Putting aside whatever the software’s actual merits are, IBM’s ad campaign—given airtime on national television as well as on major sites all over the Web—depicted a tool so powerful and prophetic that it directed a police officer to the exact mini mart that a scheming white, middle-aged robber was planning to hold up. When the assailant arrived, a cop awaited him there, smirking, leaning on his cruiser, hot coffee in hand. The assailant turned around and left, his criminal plot thwarted.
“It’s much easier to buy a product than it is to hire an employee.”
The advertisement is complete, fantastical bullshit; no crime forecasting software can predict crimes with such time- and coordinate-specificity. But the basic message, intoned matter-of-factly in voiceover as the bullshit scene plays out, is clear: IBM’s software “has helped some U.S. cities cut serious crime by up to 30 percent by stopping it before it happens.” The implied message is even more attractive to police officials: Departments that face dwindling budgets and rising crime rates can buy IBM software instead of hiring more police officers. They can do more with less.
Maybe. Early investments into predictive policing were not cheap. In Memphis, where the city rolled out its Blue CRUSH initiative with IBM software and help from a University of Memphis professor, the program’s annual cost was around $395,000, in addition to the installation of a $3 million Real Time Crime Center. And while IBM’s crime figures sure looked appealing (some IBM figures touted crime reductions of as much as 42 percent), subsequent research has indicated that crime reduction from predictive policing tools is likely a lot more modest than IBM might have you believe: As referenced in Official Police Business a couple weeks back, perhaps the most thorough academic study to date into predictive policing shows that software by PredPol—one of the best known predictive policing tools on the market today—can lead to a 7.4 percent reduction in “crime volume.” Not only is that much lower than any of IBM’s claims, that study was replicated by a French researcher who concluded that police could have similar results if they simply sent officers to patrol hotspots—areas where crimes were already occurring.
Police departments—and IBM competitors—are coming to similar realizations.
A representative of Azavea, which produces the predictive policing software HunchLab, told me last week that the company charges police departments a rate of $15,000 per year for every 50,000 people who live in a jurisdiction.
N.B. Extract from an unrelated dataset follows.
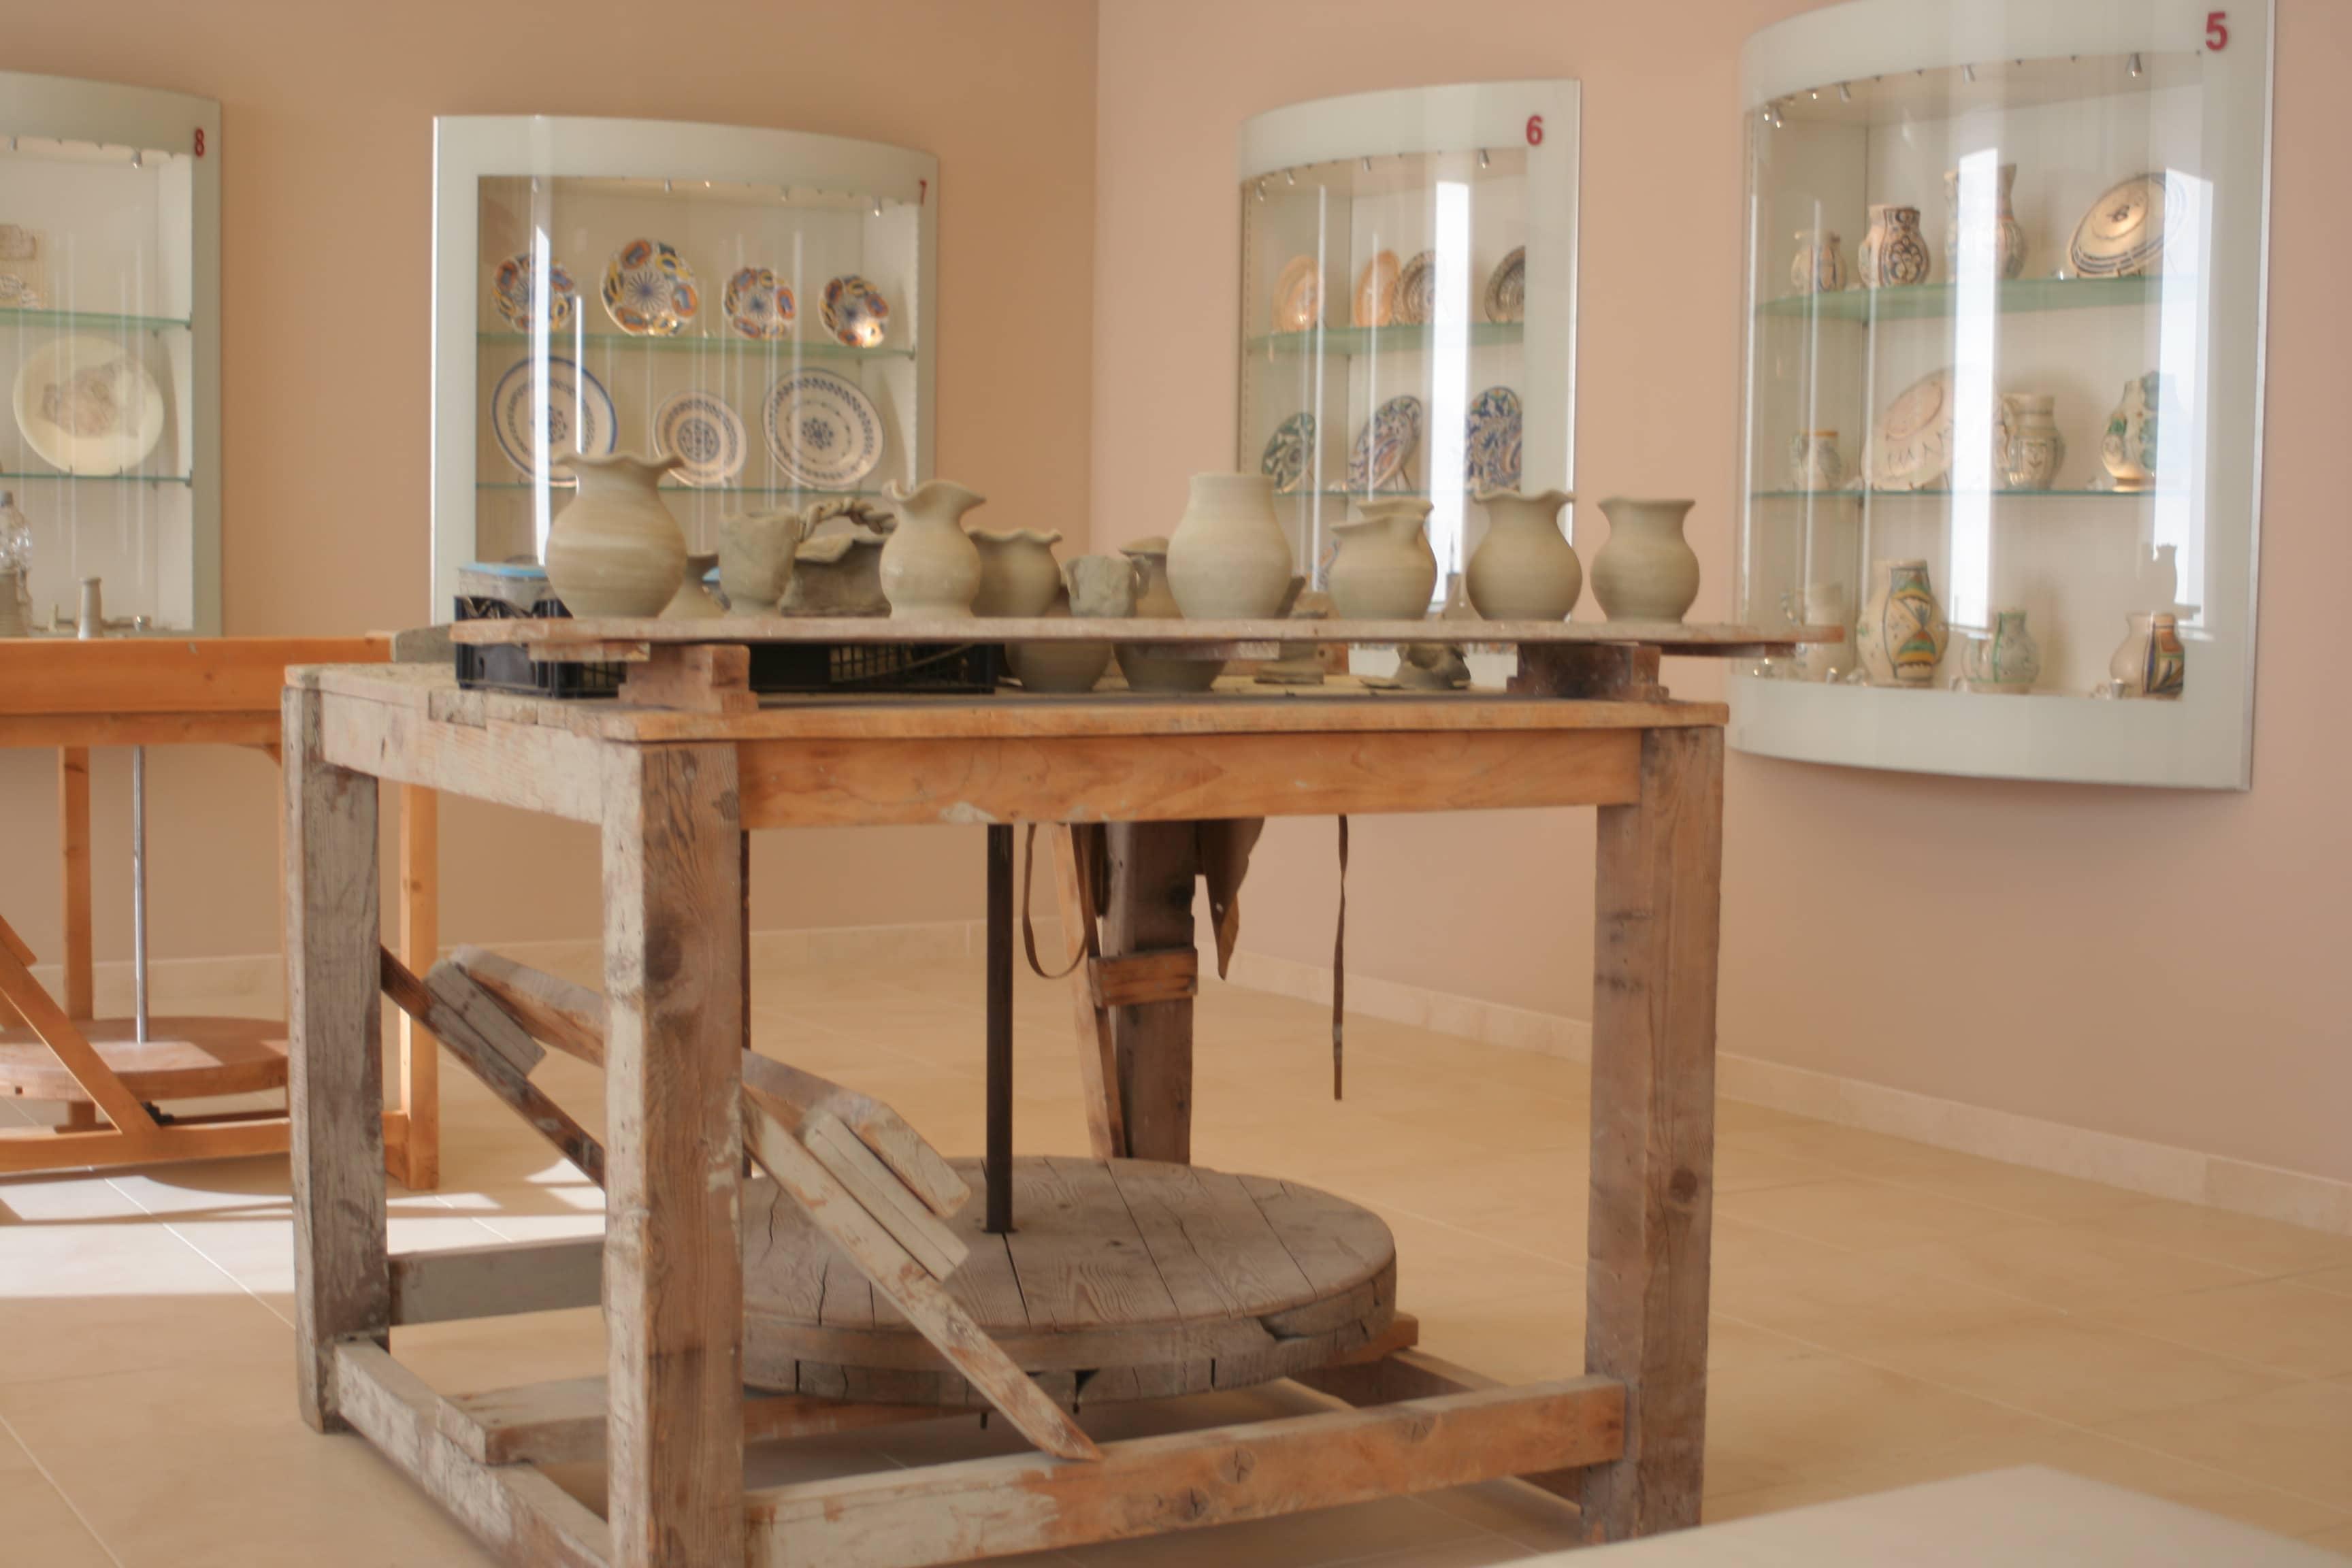 Ceramiche Toscane Montelupo Fiorentino museo della ceramica di montelupo fiorentino - artour

That’s a fraction of what Memphis paid for its IBM-guided predictive program. Even that HunchLab figure might overstate costs.
This February Verge story put HunchLab’s annual price in St. Louis County at $50,000—which, according to the representative’s estimate, should cover a population of a little more than 150,000. (Government procurement database company SmartProcure shows that St. Louis County’s HunchLab bill was actually less than that—$45,427.20.) St. Louis County has a population of about 1 million—which means St. Louis got a pretty nice discount. And while that Verge story emphasizes the discount St. Louis County received by pointing out that it was quoted $200,000 per year by HunchLab competitor PredPol, that figure seems awfully high; SmartProcure data shows that PredPol’s biggest customer is the City of Richmond, just northwest of Berkeley in San Francisco’s East Bay area. Richmond has spent $150,000 with PredPol total since 2012. And that’s double the amount that PredPol’s second biggest customer has paid to the company.
The cost of predictive policing software seems to be dropping precipitously, in other words. And it’s no wonder why.
In a panel discussion last week at the University of Pennsylvania, RAND senior operations researcher and predictive policing expert John S. Hollywood pointed out that effective machine learning and predictive analytics software is available open-source on the web—i.e. for free. Since most police departments today gather crime data and make use of crime hotspots to carry out patrols anyway, it’s not unthinkable that some police officials might eschew contracts with predictive policing companies and instead take care of analytics in-house.
The question, then, is whether police departments want to invest in a company’s software on an annual basis—which is “a little more turn-key,” as Hollywood put it—or invest in an actual human (or actual humans) to oversee a department’s analytics program, and bolster the hotspot programs they’re already building.
There’s a lot to consider.
The latter could involve “paying for a pension,” said University of Pennsylvania criminology professor John MacDonald. And outside the cost of an additional salary and pension for a police force, in most local and state governments, there’s also the issue of procurement, he said—going through the process of getting approval from a city council or other governing body to hire an analyst.
The quandary, then, is one of the most basic in any municipal environment: to hire more employees, or buy more software? As predictive policing makes its way into more and more police departments, we’ll find out which way departments seem to be leaning. But if past is prologue and the growth of law enforcement companies such as TASER International, Safariland, and Harris Corporation is any indication, the good money is on software.
As MacDonald put it last week: “It’s much easier to buy a product than it is to hire an employee.”